Я во что бы то ни стало хотел найти утерянные странички и доставить их Рубинчику. Но что делать, их, верно, давно унес с собой ветер…
Вернувшись назад, я стал что-то невнятное бормотать Рубинчику про постигшую меня неудачу. Гадливо запахнувшись в бурку, Рубинчик прервал меня:
– Ладно… Ладно… Не волнуйтесь. Оформляйте поскорей свои дела и уезжайте в Москву.
При последнем слове я вздрогнул. Меня охватила глубокая нежность, я готов был сейчас все открыть Рубинчику. Какое счастье, что импульсы наших добрых чувств куда неторопливее злых…
Но разве возможно настолько опуститься, чтоб не нашлось доброй души, готовой обонять твой смрад, как фиалку? До какого бы падения ни дошел мужчина, всегда найдется женщина, готовая разделить его с ним. У Наденьки, машинистки 7-го отдела, было совершенно отшиблено обоняние. Она была безгранично сострадательна и прилипчива, как пластырь. Она прилагала невероятные усилия, чтобы под ее теплым крылом я вернулся к обыденной ясности сознания. Мое равнодушие только разжигало ее, мои попытки предстать в ее глазах еще более отвратительным, чем я был на деле, она воспринимала, как нежность. Я бы мог отвернуть при ней пожелтевший пояс моих штанов в млечном бисере вшей и вызвать у нее лишь умиление. Я не знал, как избавиться от нее. Каждый мой жест отвращения или протеста лишь усиливал в ней тягу к интимности. Она не допускала, что я могу быть таким плохим. Во всем виновата моя жена. Но ее, Наденькина, дружба вырвет меня из этого состояния…
– Тебе надо только забыть ее, – уверяла она меня при всяком случае, – и ты перестанешь нервничать.
Тщетно пытался я убедить ее, что я вовсе не «нервничаю». Просто я поражен наследственной психической болезнью, усиленной войной и контузией. «Ты сам себя убеждаешь», – говорила Наденька. Она лишала меня уверенности в себе, я действительно начинал «нервничать».
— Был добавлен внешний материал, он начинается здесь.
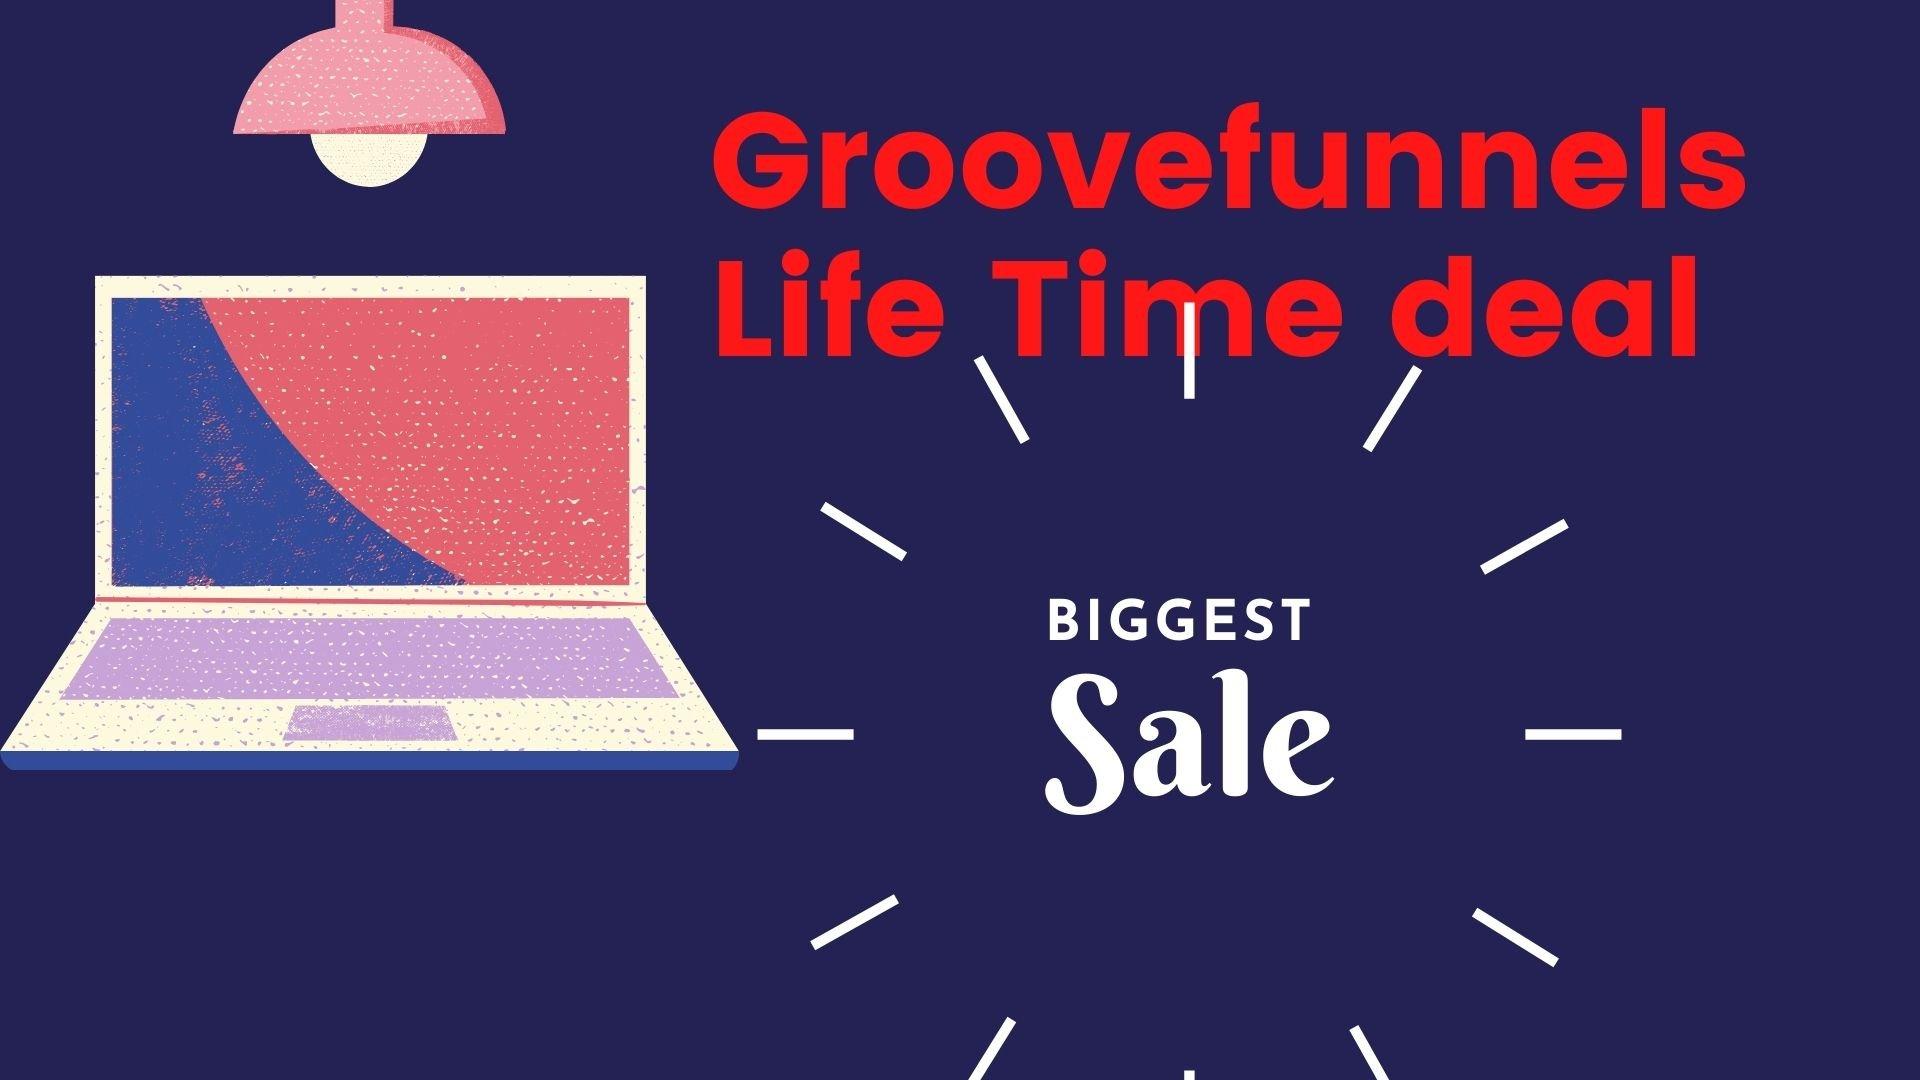 groovefunnels lifetime deal

И все же не это было самым опасным. В отделе пронесся слушок: у Нагибина роман с машинисткой. Хороша репутация для сумасшедшего!
Наденька пользовалась каждым случаем, чтобы поцеловать меня. Однажды она поймала меня в общежитии седьмоотдельцев, куда я зашел по ошибке, перепутав двери. Она обняла меня и стала целовать в губы. Я не находил в себе решимости быть до конца грубым с женщиной, которая меня обнимает. Я только не отвечал ей, и когда она, после поцелуя, заглядывала мне в глаза, я суживал зрачки и отрицательно качал головой. Она совсем не нравилась мне. Она мне мешала, она была мне опасна, каждый миг кто-нибудь мог войти. Но пошлое слабодушие заставляло меня сопровождать кивки загадочной улыбкой, намекающей на какую-то тайну, мешающую мне соединиться с ней. Тогда она просто перестала заглядывать мне в глаза и целовала, не отнимая губ. Странно, я начинал чувствовать даже какое-то облегчение от закипавшей во мне огромной ненависти. Но прежде чем родился жест, дверь распахнулась, и с порывом ветра в комнату влетела черная бурка, орлиный нос и баранья кубанка подполковника Рубинчика. Я грубо отстранился от Наденьки. Черное крыло прочертило воздух, задев меня прохладной струйкой ветра. Я заметил, как прозмеились тонкие губы Рубинчика: он все видел.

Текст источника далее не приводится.